Fowler was beyond confused.
"So, I'm the eighth guy, and we need a third?" Fowler asked.
"Yes, exactlyness," Evil Emmitt smiled sinisterly. Again, Fowler couldn't put his finger on it, but something was off. "You, Alexelliott and other guy need to performance a mission for me. Mission unpossible."
"What is this mission, then?" Fowler asked.
"Alexelliott Elliottness, why Dante Fowlball ask me all these question!?" Emmitt barked, growing impatient.
"I don't know, Emmitt," Elliott replied. "Perhaps he knows a woman who won't take off her clothes for him. I might be able to help in that regard to soothe our new friend here."
"No, no, no, wait, wait, it's not that," Fowler stuttered, taken aback that Emmitt was so defensive. "I'm sorry for all the questions. I'll help you in any way I can. I'm just unsure if I can provide the assistance you need, for I merely am a former bust of the Jacksonville Jaguars who did nothing but get arrested throughout his professional career. Why would someone as great as yourself need the help of such a lowly individual?"
"You not lowly," Evil Emmitt said calmly. "If you lowly, I gonna look downed when I talk to you, but instead I looking up because you not lowly. You the opposide of lowly. You highly."
"Well, if you say so," Fowler said, still unsure of himself. "Anyway, name it, and I'll do it. I'll do anything for you unless it involves coral reef diving."

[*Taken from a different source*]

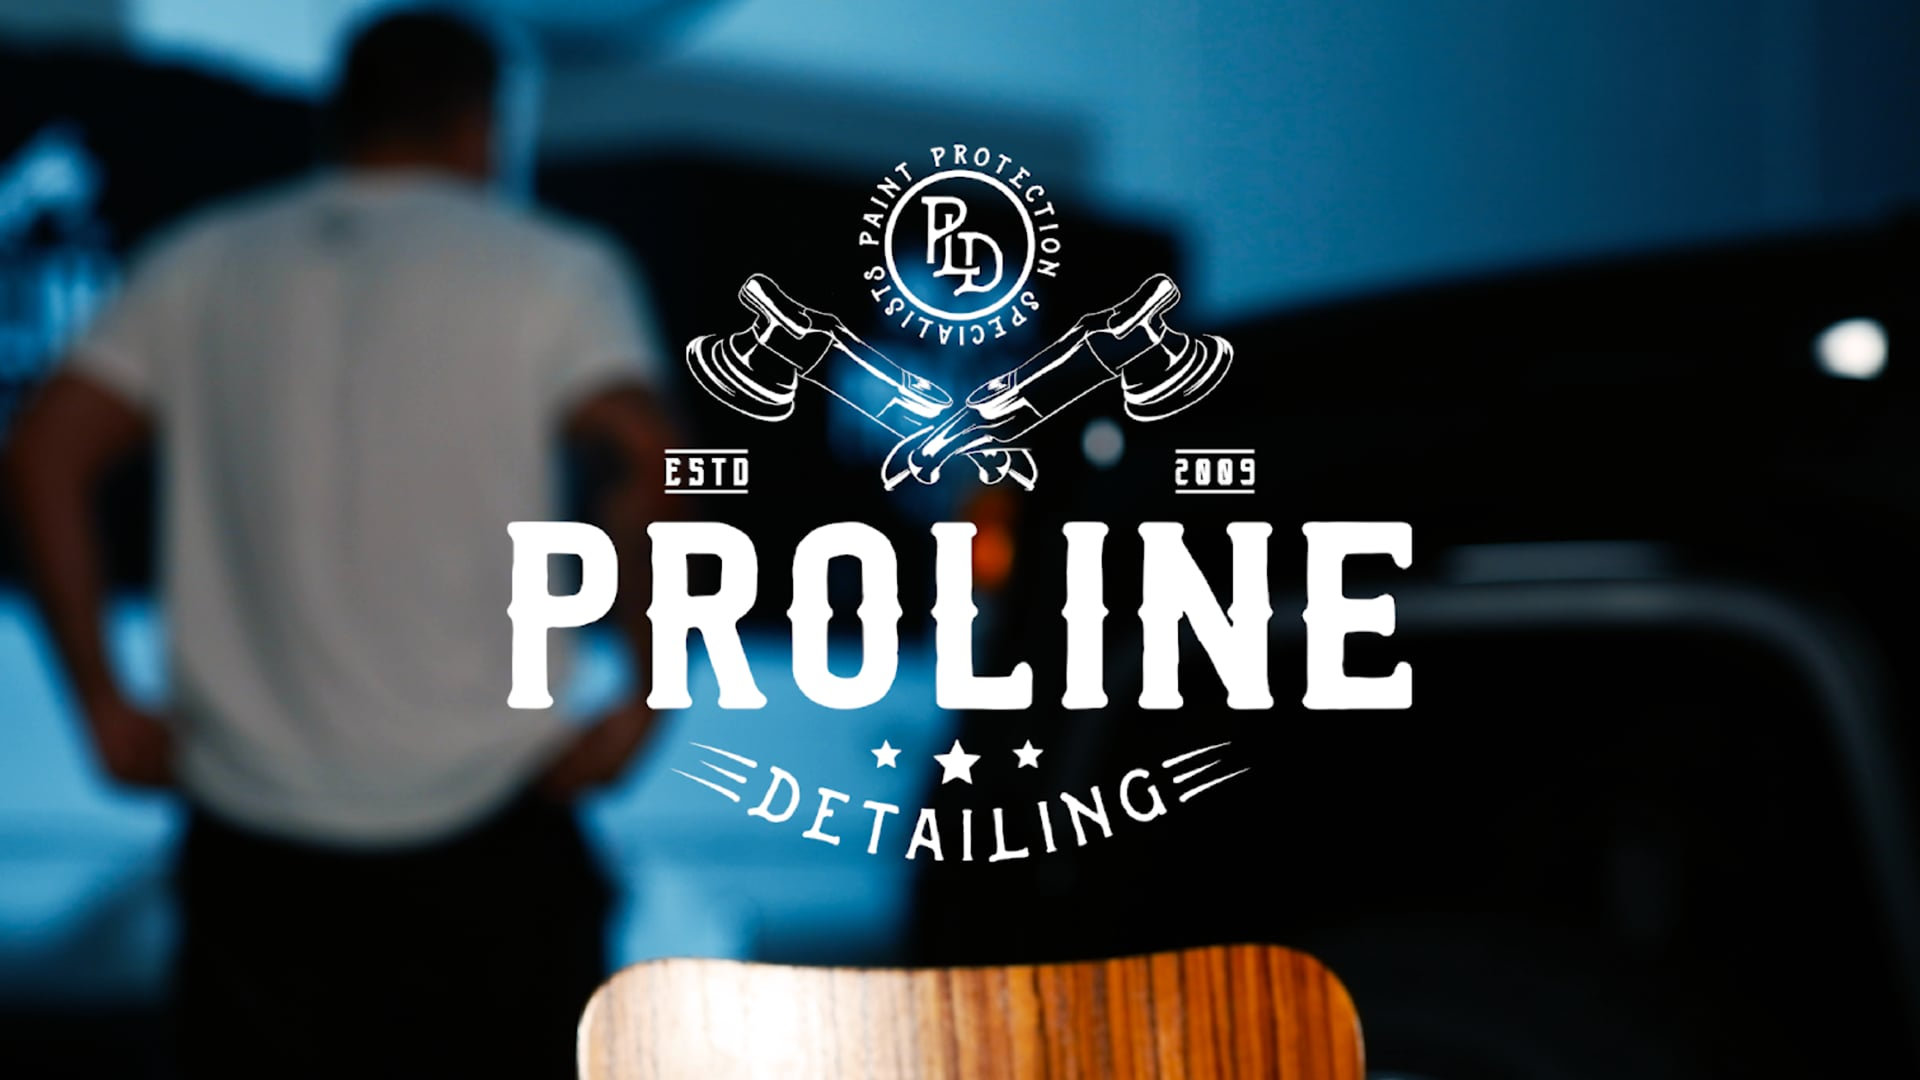 Proline Detail

"Again, this guy Carl Reed ruining my day," Evil Emmitt seethed. "Alexelliott Elliott, go find this Carl Reed guy and brung him to myselves so I can have a talked with him."
"Yes sir," Elliott said, departing the library before Fowler had a chance to explain.
"Dominick Fowlball, I need you to do something importance," Evil Emmitt said. "Very importance. So importance I almost forgetted how importance it is importance."
"What is it?" Fowler asked.
"I need you to punch a guy hard," Evil Emmitt said.
"But- but- does he..." Fowler begun to ask.
"Yes, Dominick," Evil Emmitt replied, knowing the question before it was asked. "He have glasses."
"Great," Fowler smiled. "I got this."
"Good, now we gonna wait for Carl Reed to arrive to kill himselves, and then we gonna find the third people."